8 de setembro de 2022

Adriano Moreira

Um século de Sabedoria e Humanismo


Hoje damos “Gracias a la Vida” pelos 100 anos do Senhor Professor Adriano Moreira com quem temos tido o privilégio de conviver, de beber da sua sabedoria, do seu conhecimento, das suas inquietações sobre o mundo e dos seus valores.

Agradecemos muito sentidamente a sua generosa amizade com que nos tem privilegiado.
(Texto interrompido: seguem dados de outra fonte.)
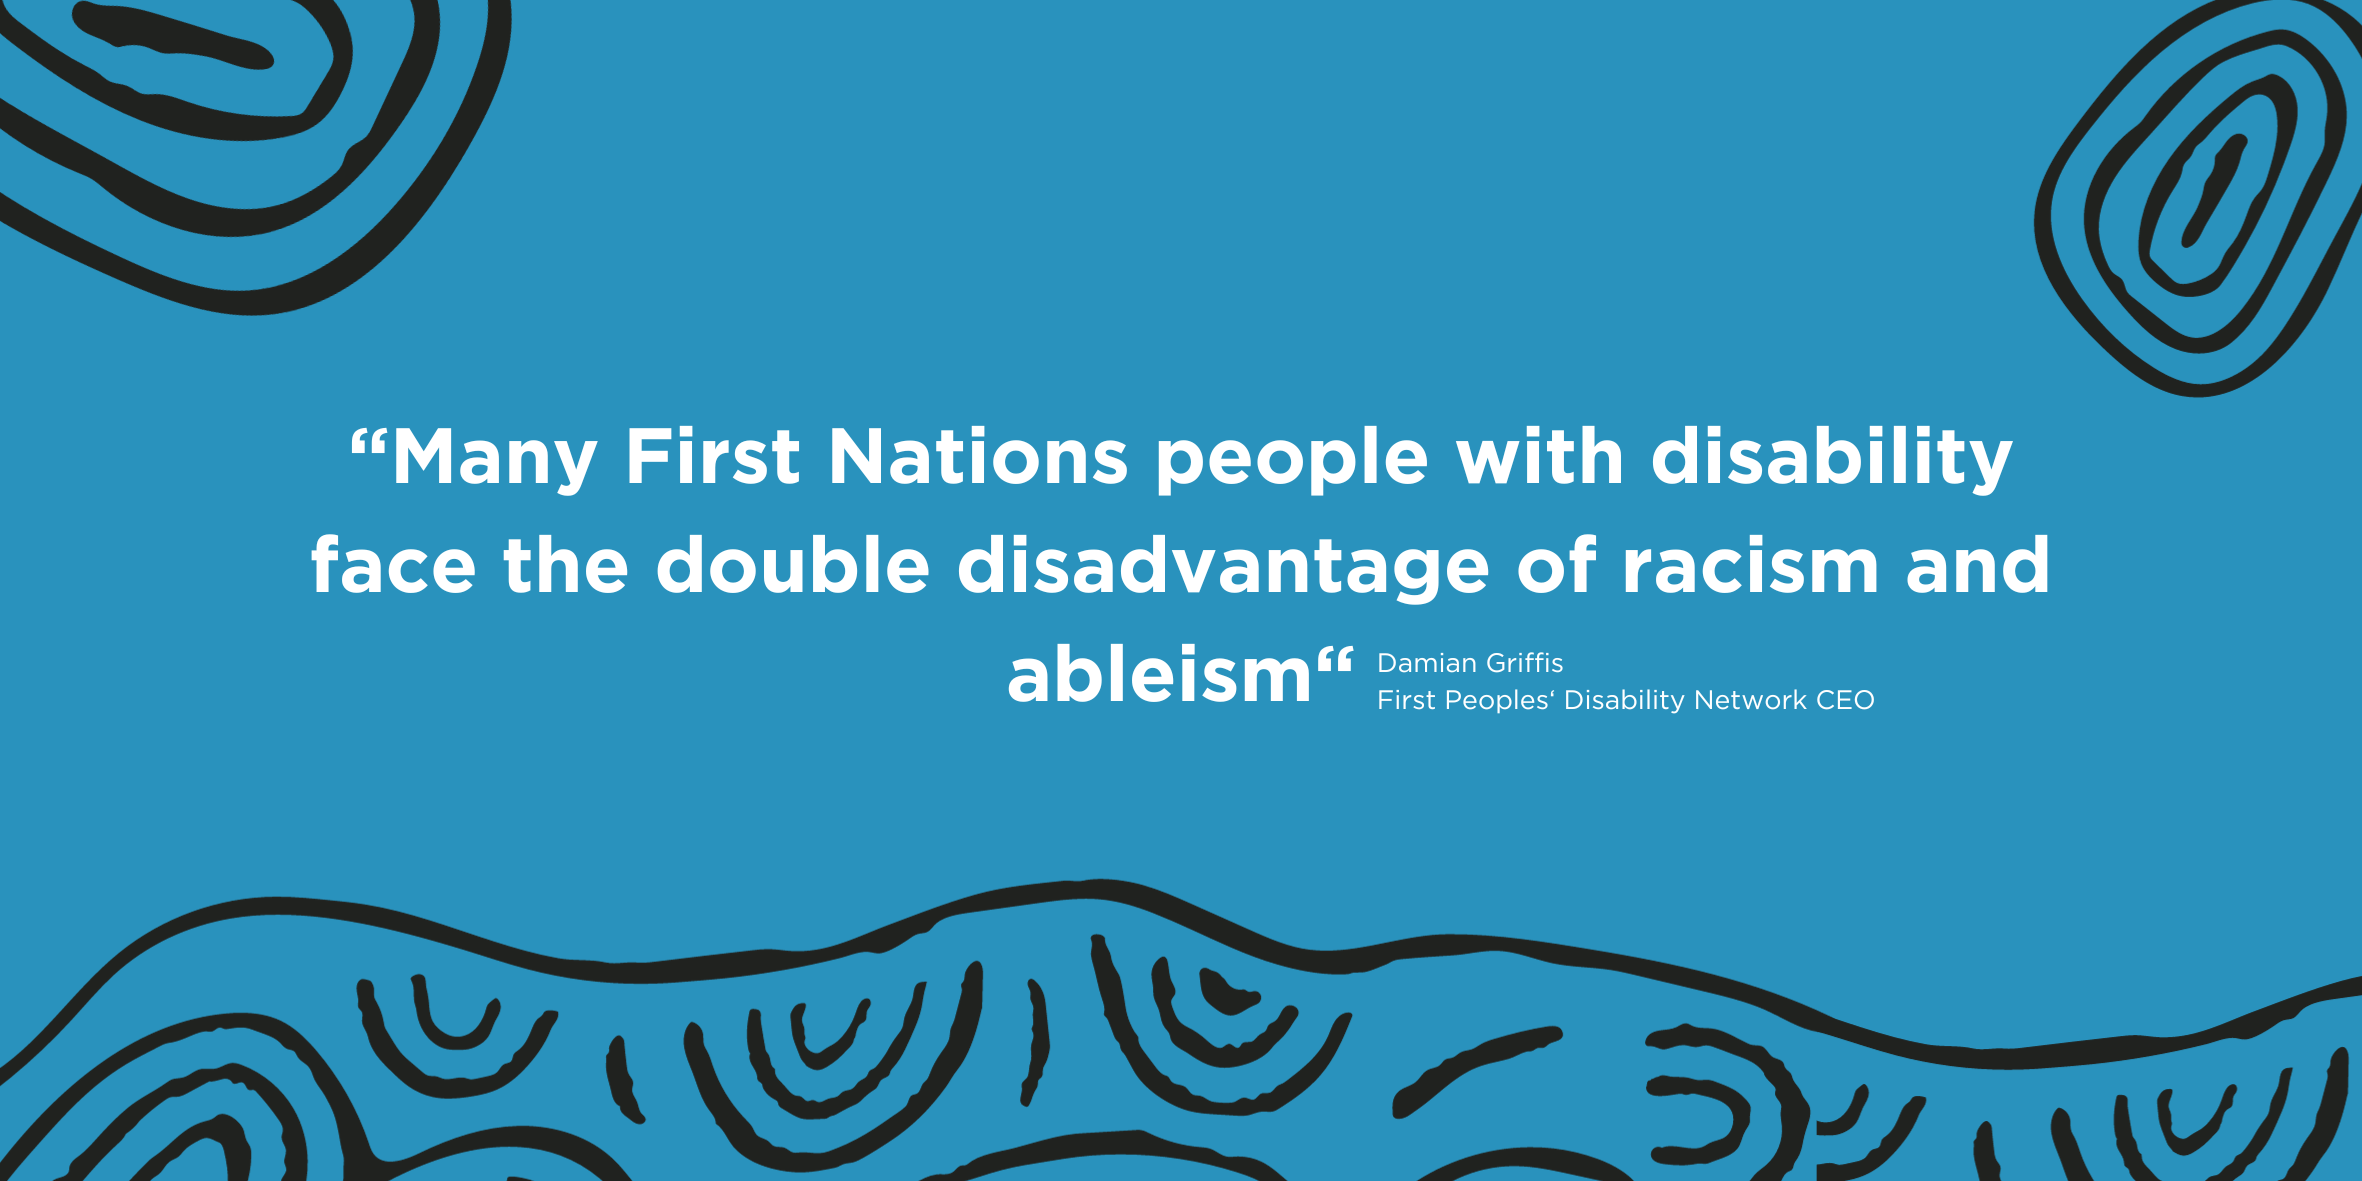 ALT TEXT: Large white text saying Many First Nations people with disability face the double disadvantage of racism and ableism. Small white text attributing quote to Damian Griffis First Peoples Disability Network CEO.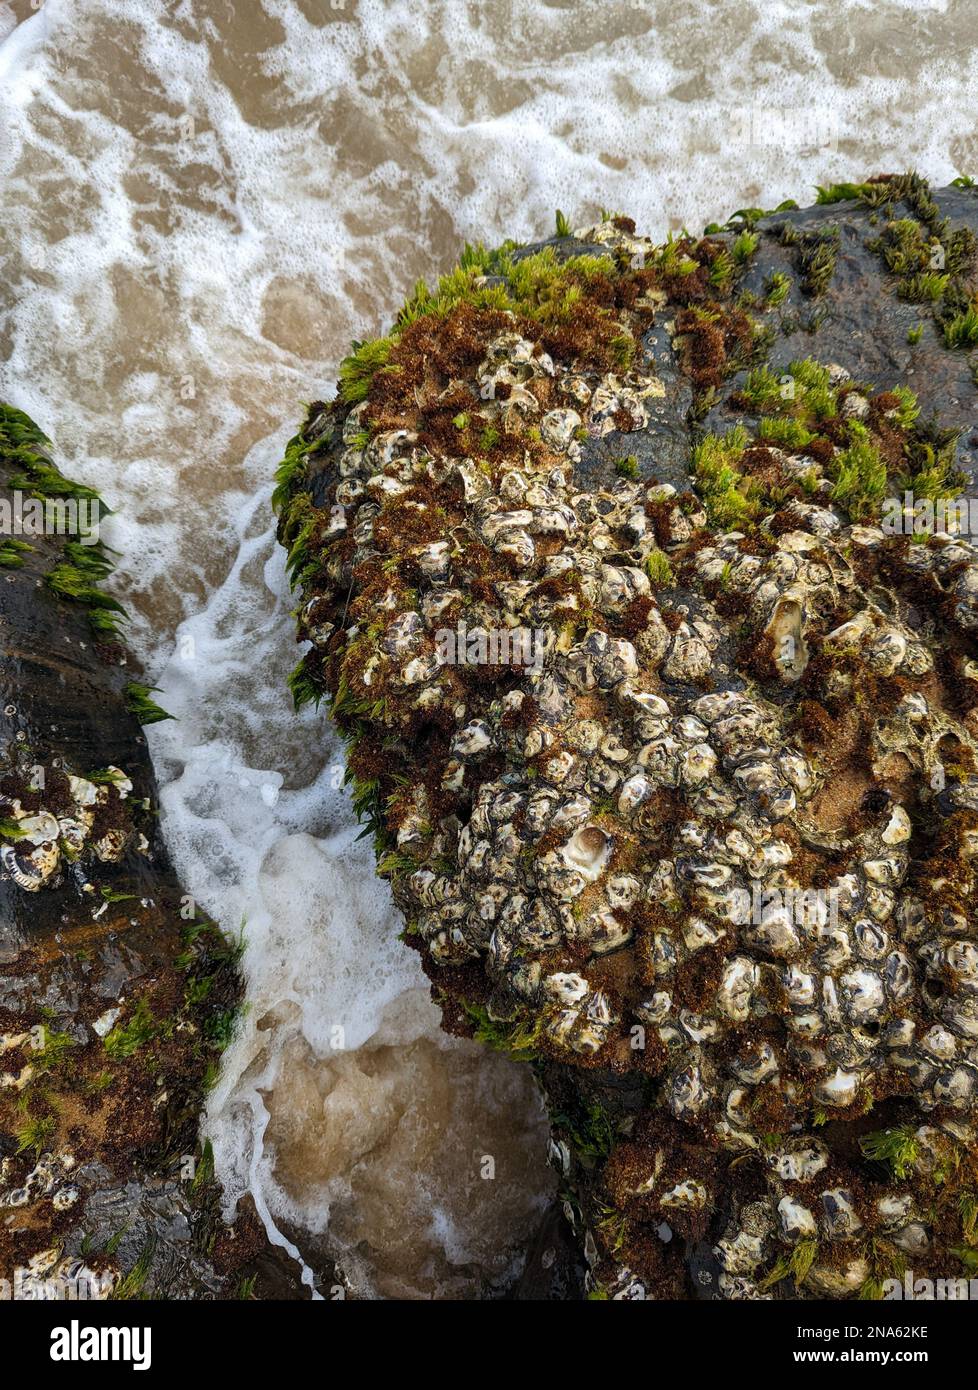 oyster clams and barnacles on the edge of a rock in a beach at low tide in the summer season Stock Photo

Fazemo-lo movida pela dívida de gratidão, pela estima e respeito pela excelência do académico, pelo brilhantismo do professor, pela escola que cria diariamente, pela integridade do servidor público e pela estrutura ética, intelectual e cultural do cidadão.

Adriano Moreira sempre fiel, orgulhoso das suas raízes transmontamos (que também são as nossas), nasceu em Grijó de Vale Benfeito, Macedo de Cavaleiros, Bragança, em 06 de Setembro de 1922.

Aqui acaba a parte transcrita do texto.